_INPUT DATA_
*** Begin section ***
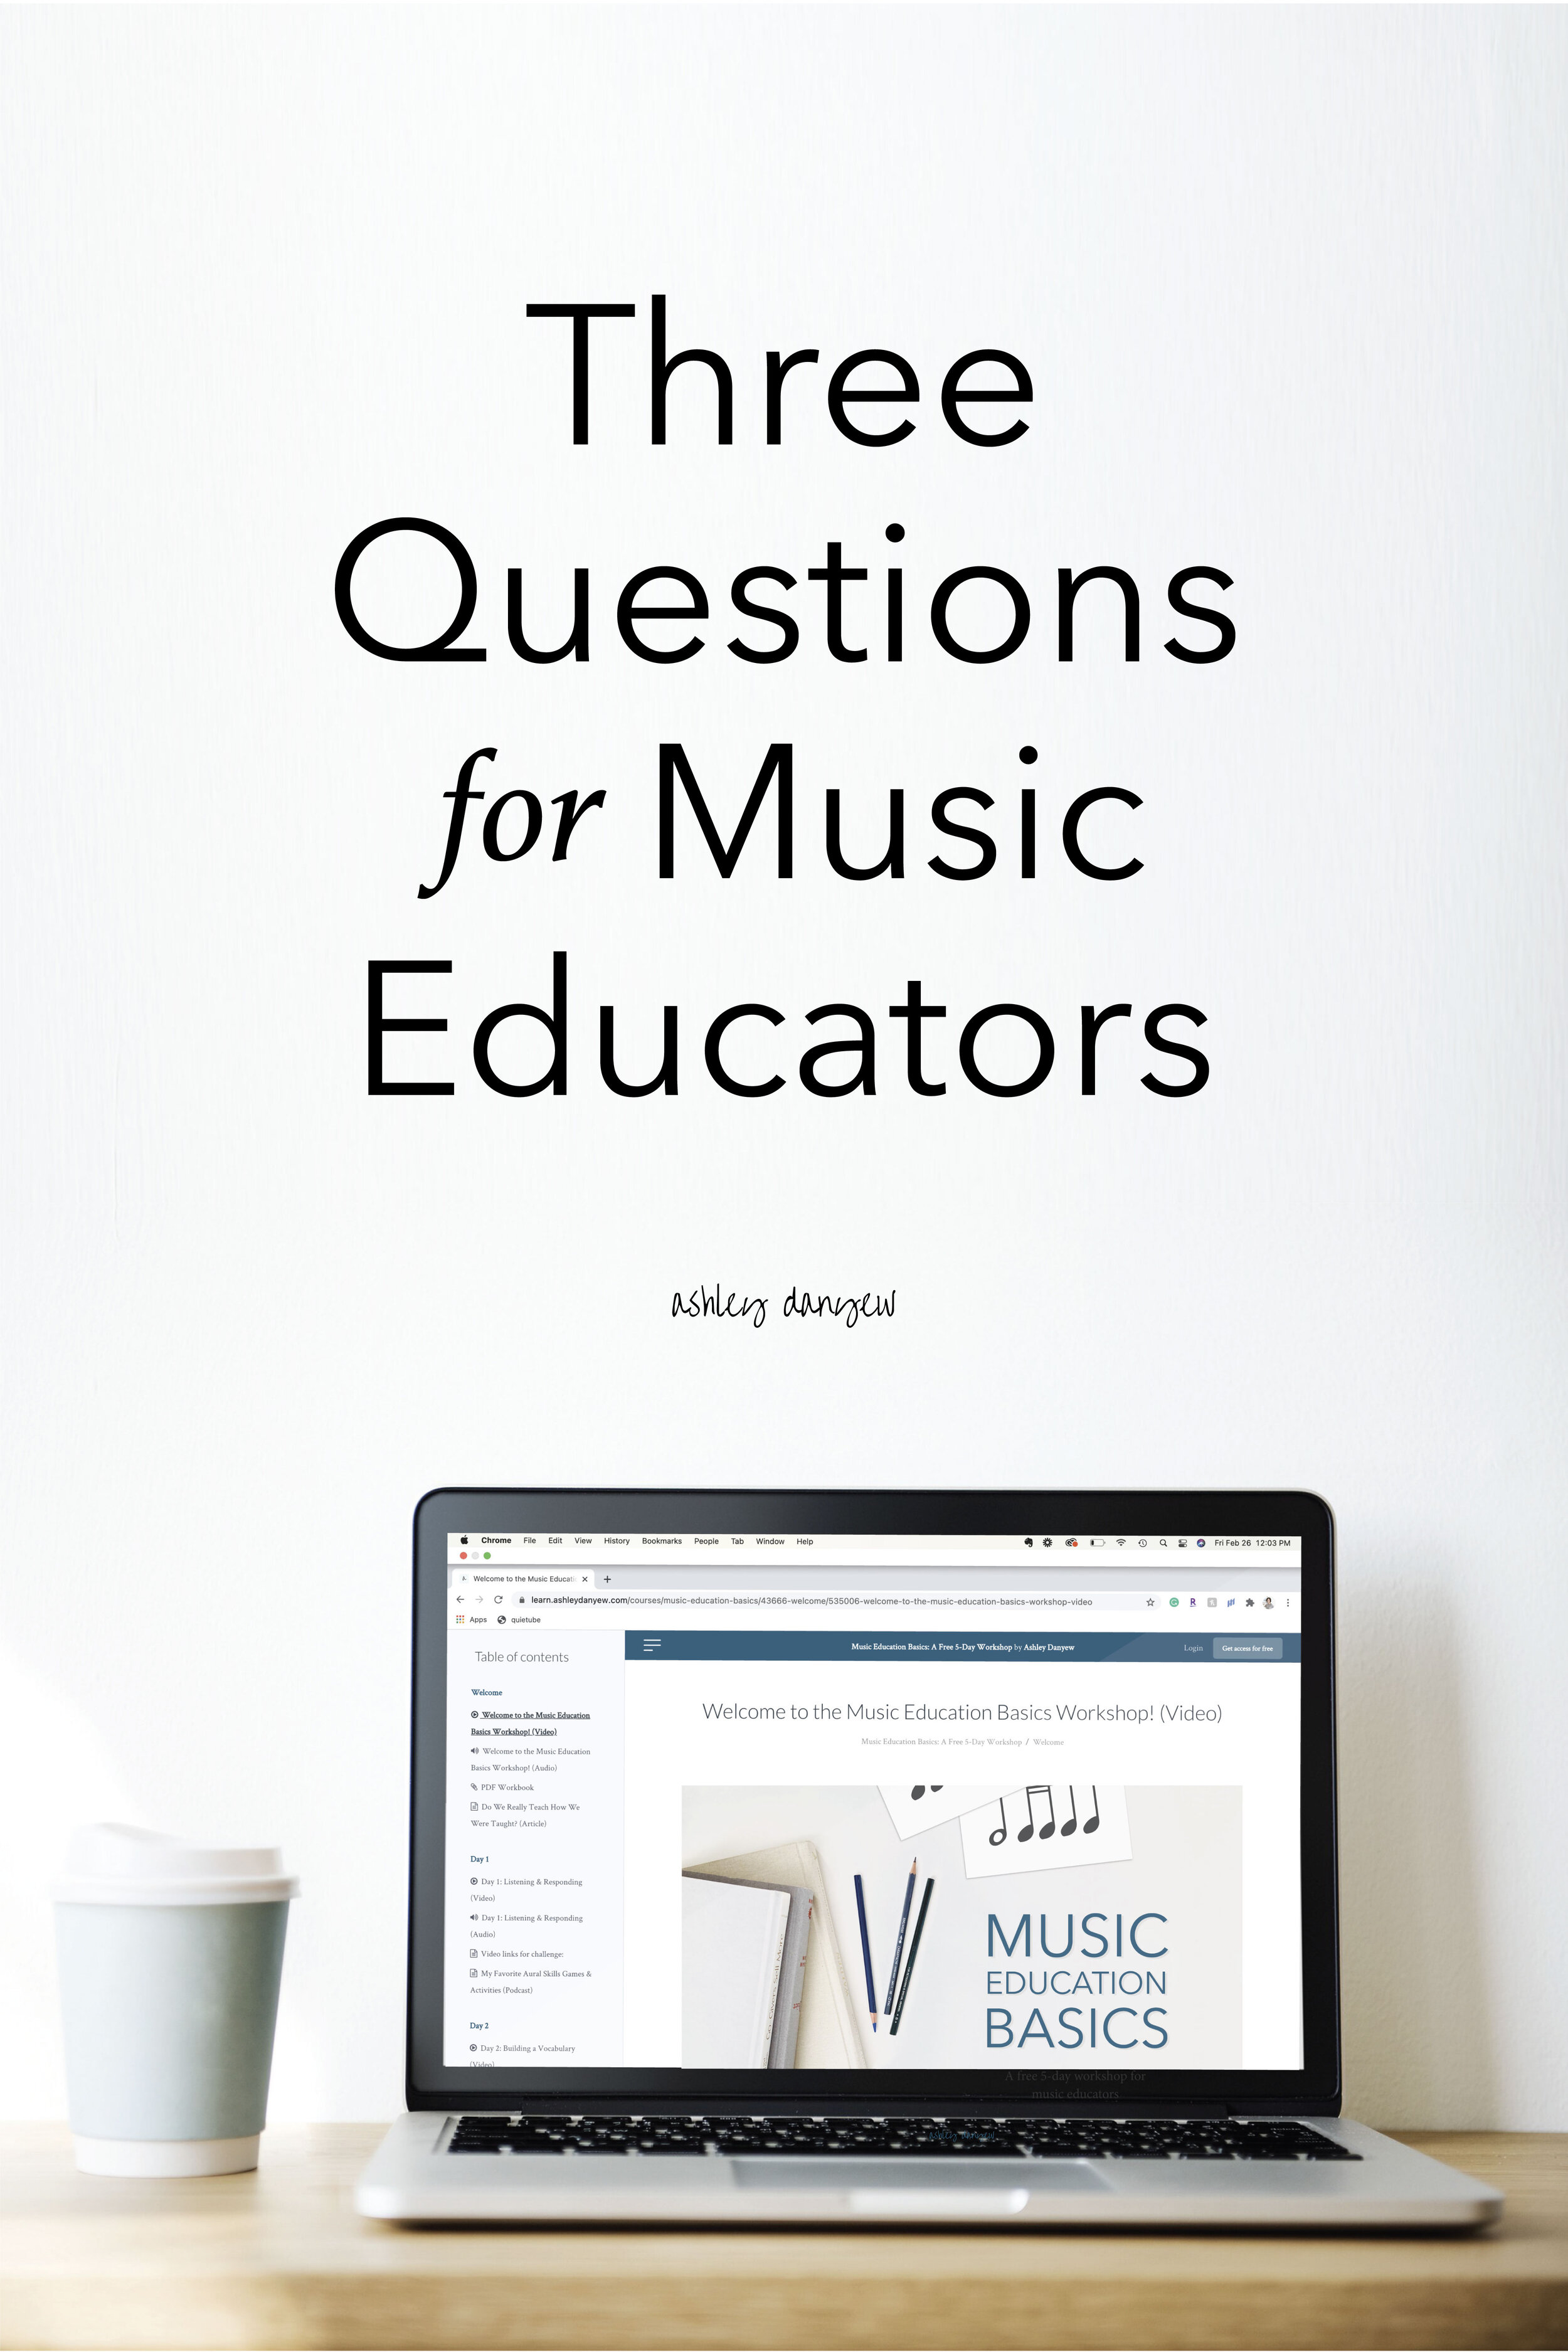 research topics for music educators
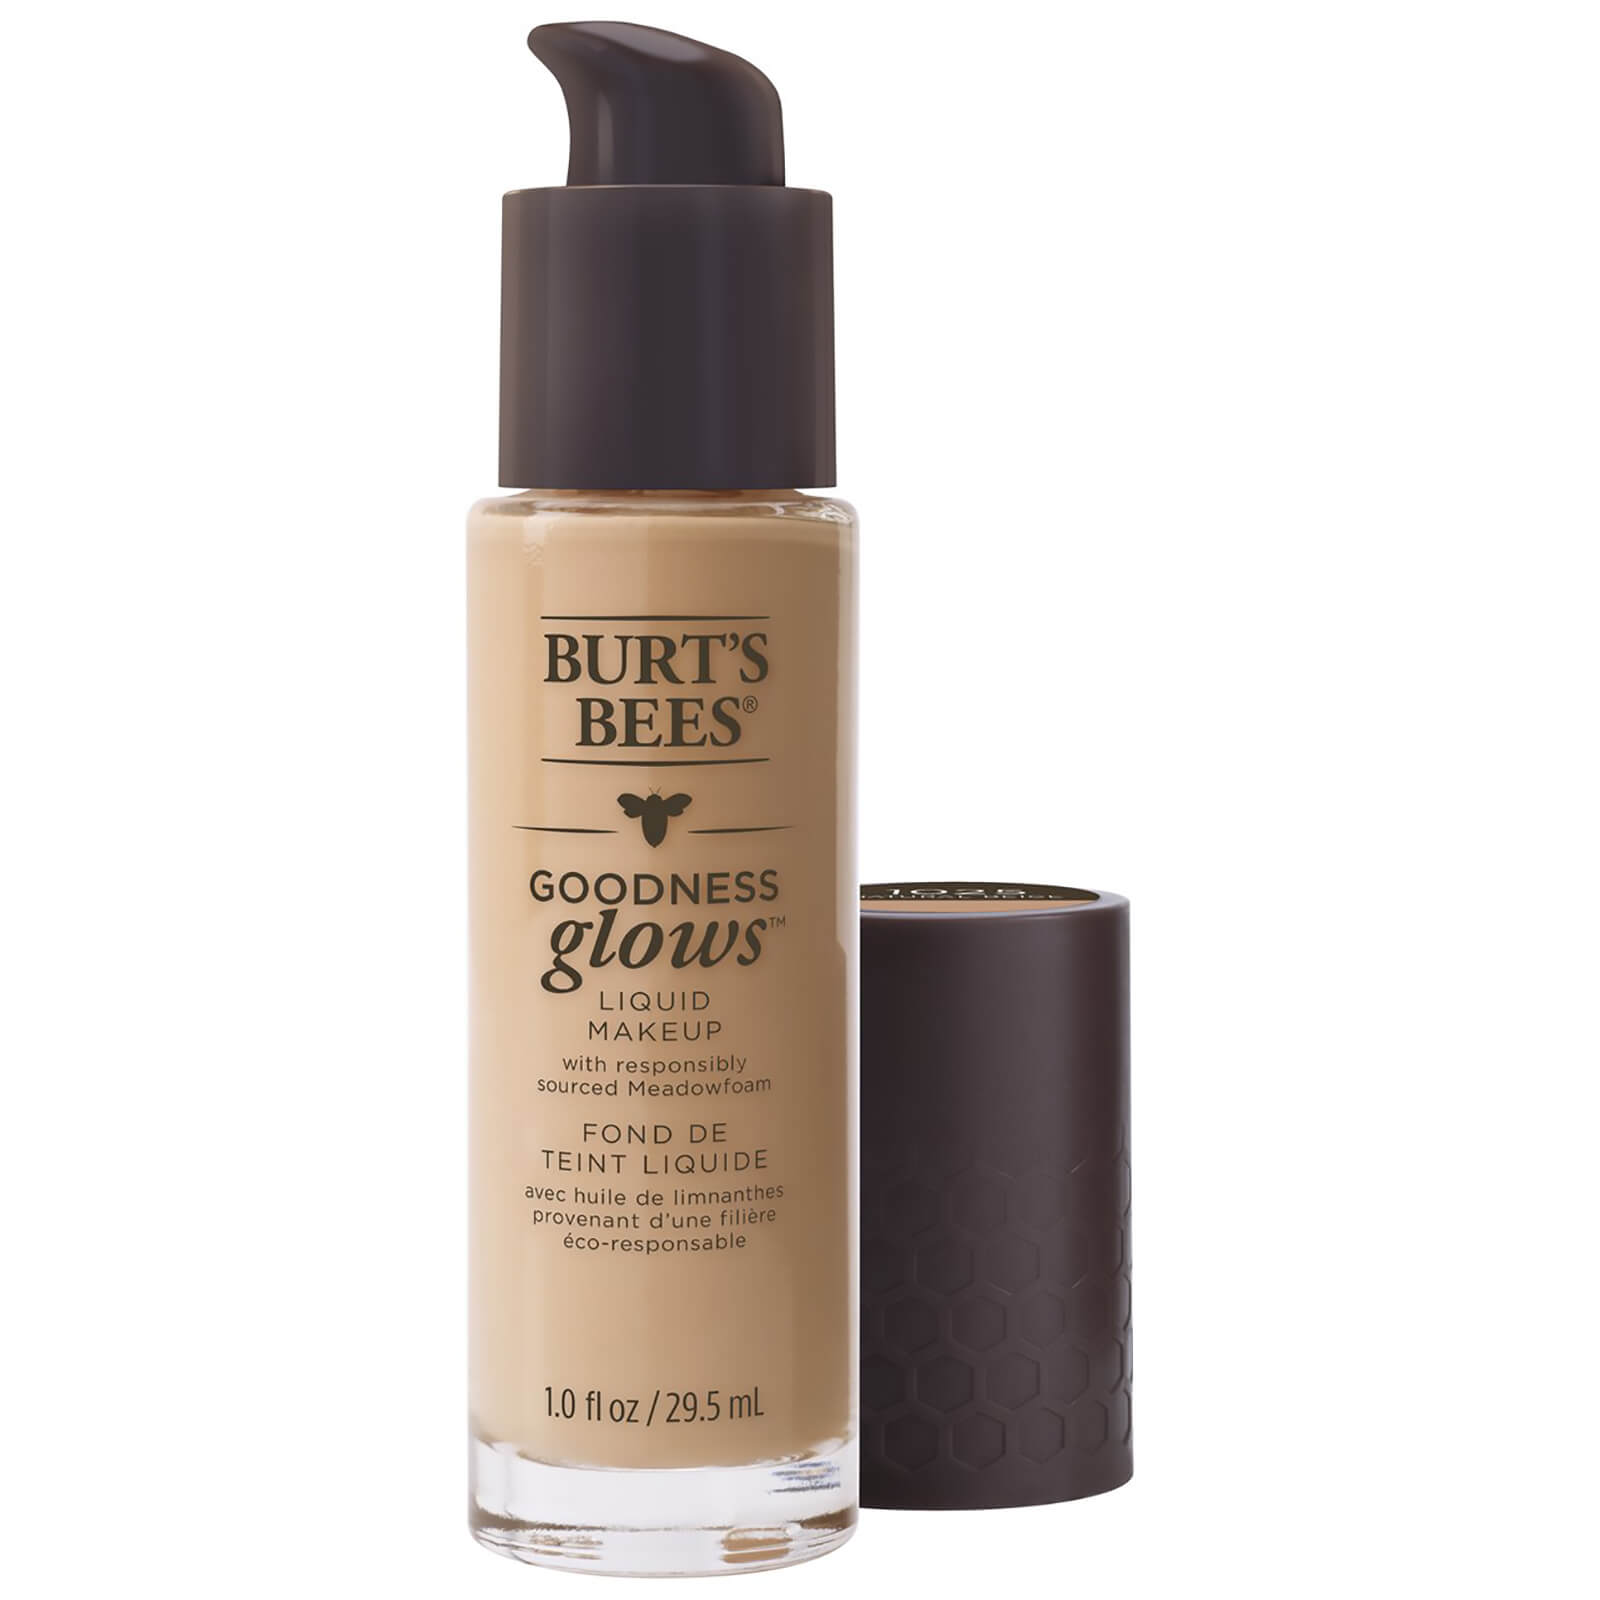 Burt's Bees Goodness Glows Liquid Foundation 29.5ml (Various Shades) - Natural Beige
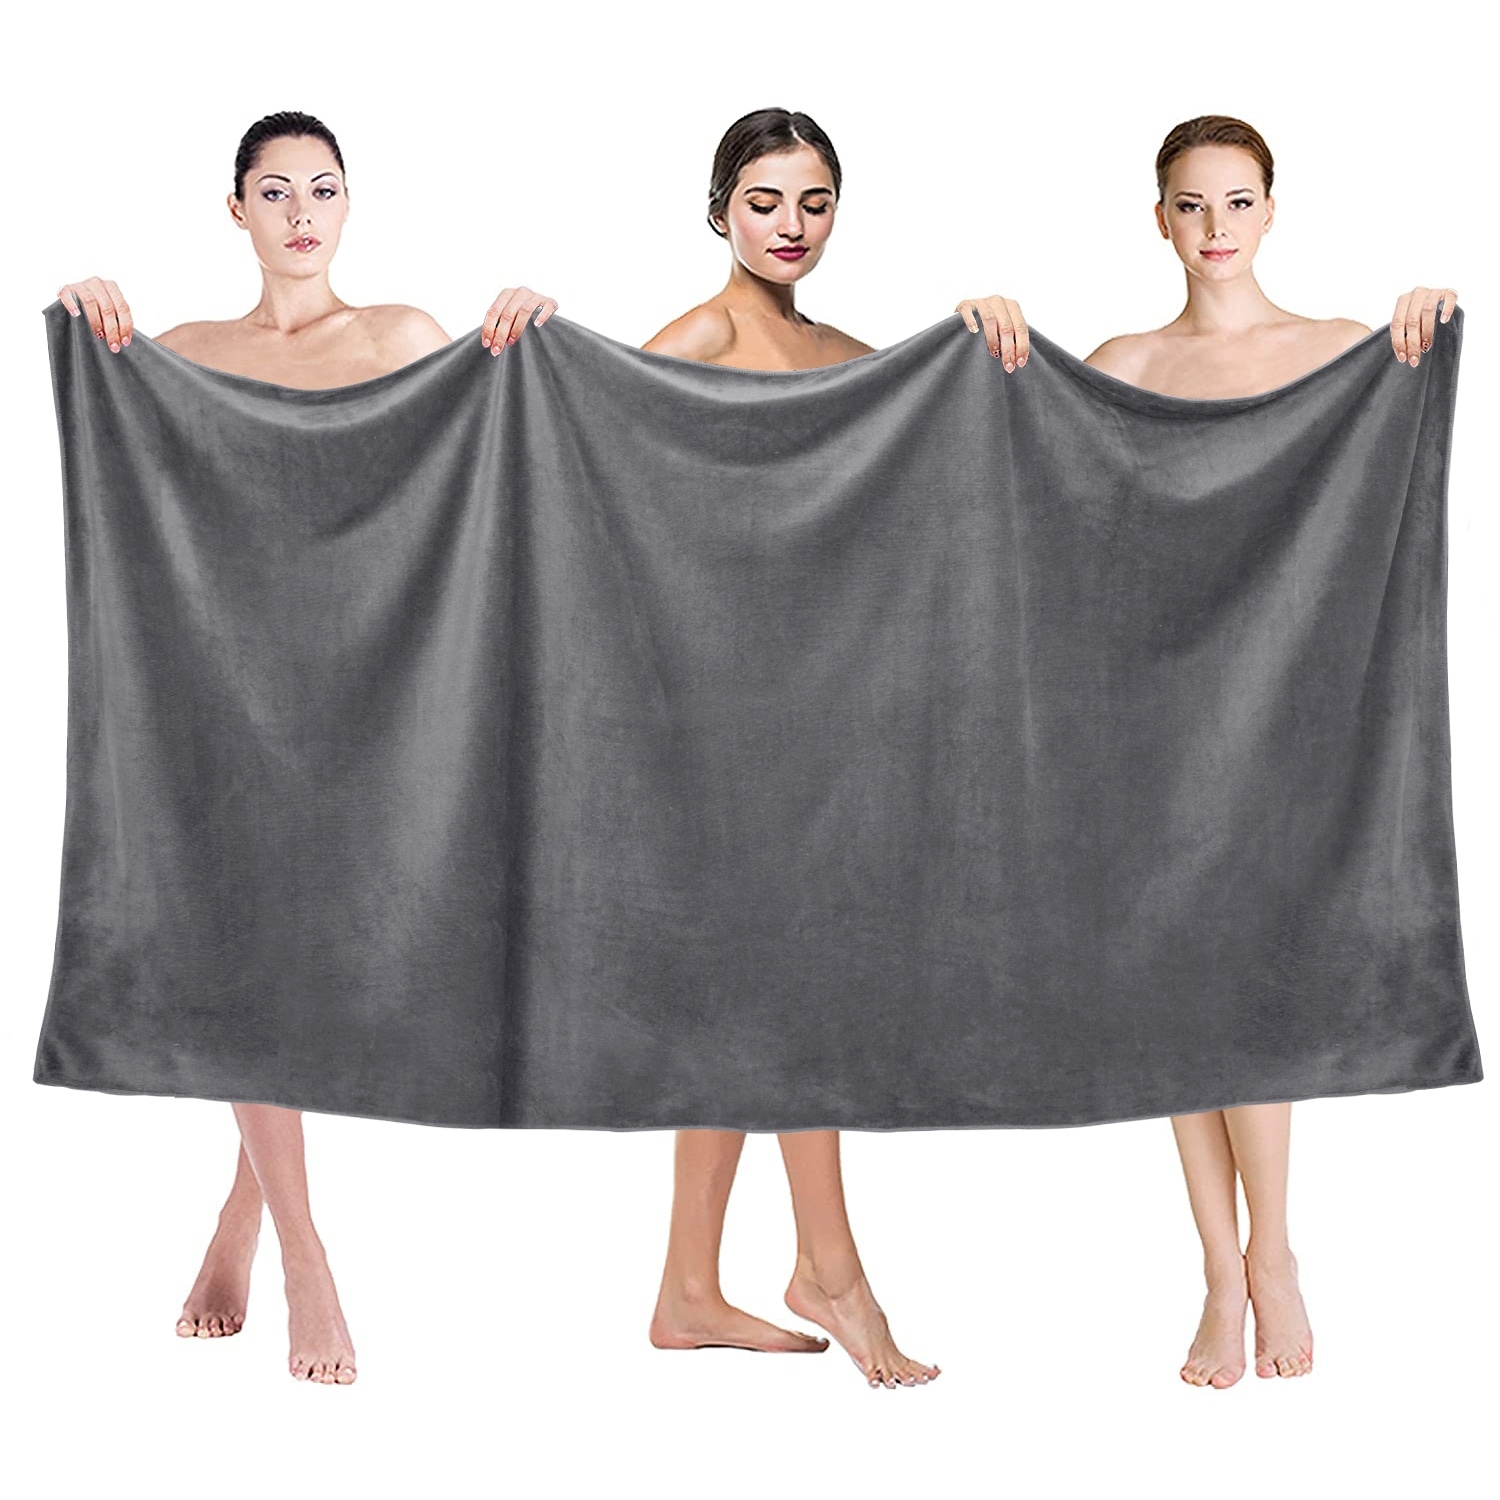 Jumbo Bath Sheets Towels For Adults 35 x 70 - 2-Pack - 100% Cotton Bath  Sheet Set - Extra Large Oversized Bath Towels - Absorbent Bath Towel Set
*** End section ***
_WHAT THE TASK ASKS_
An unaltered copy of the material, without images, should be set down.

_ANSWER TO THIS PROBLEM_
 research topics for music educators
 Burt's Bees Goodness Glows Liquid Foundation 29.5ml (Various Shades) - Natural Beige
 Jumbo Bath Sheets Towels For Adults 35 x 70 - 2-Pack - 100% Cotton Bath  Sheet Set - Extra Large Oversized Bath Towels - Absorbent Bath Towel Set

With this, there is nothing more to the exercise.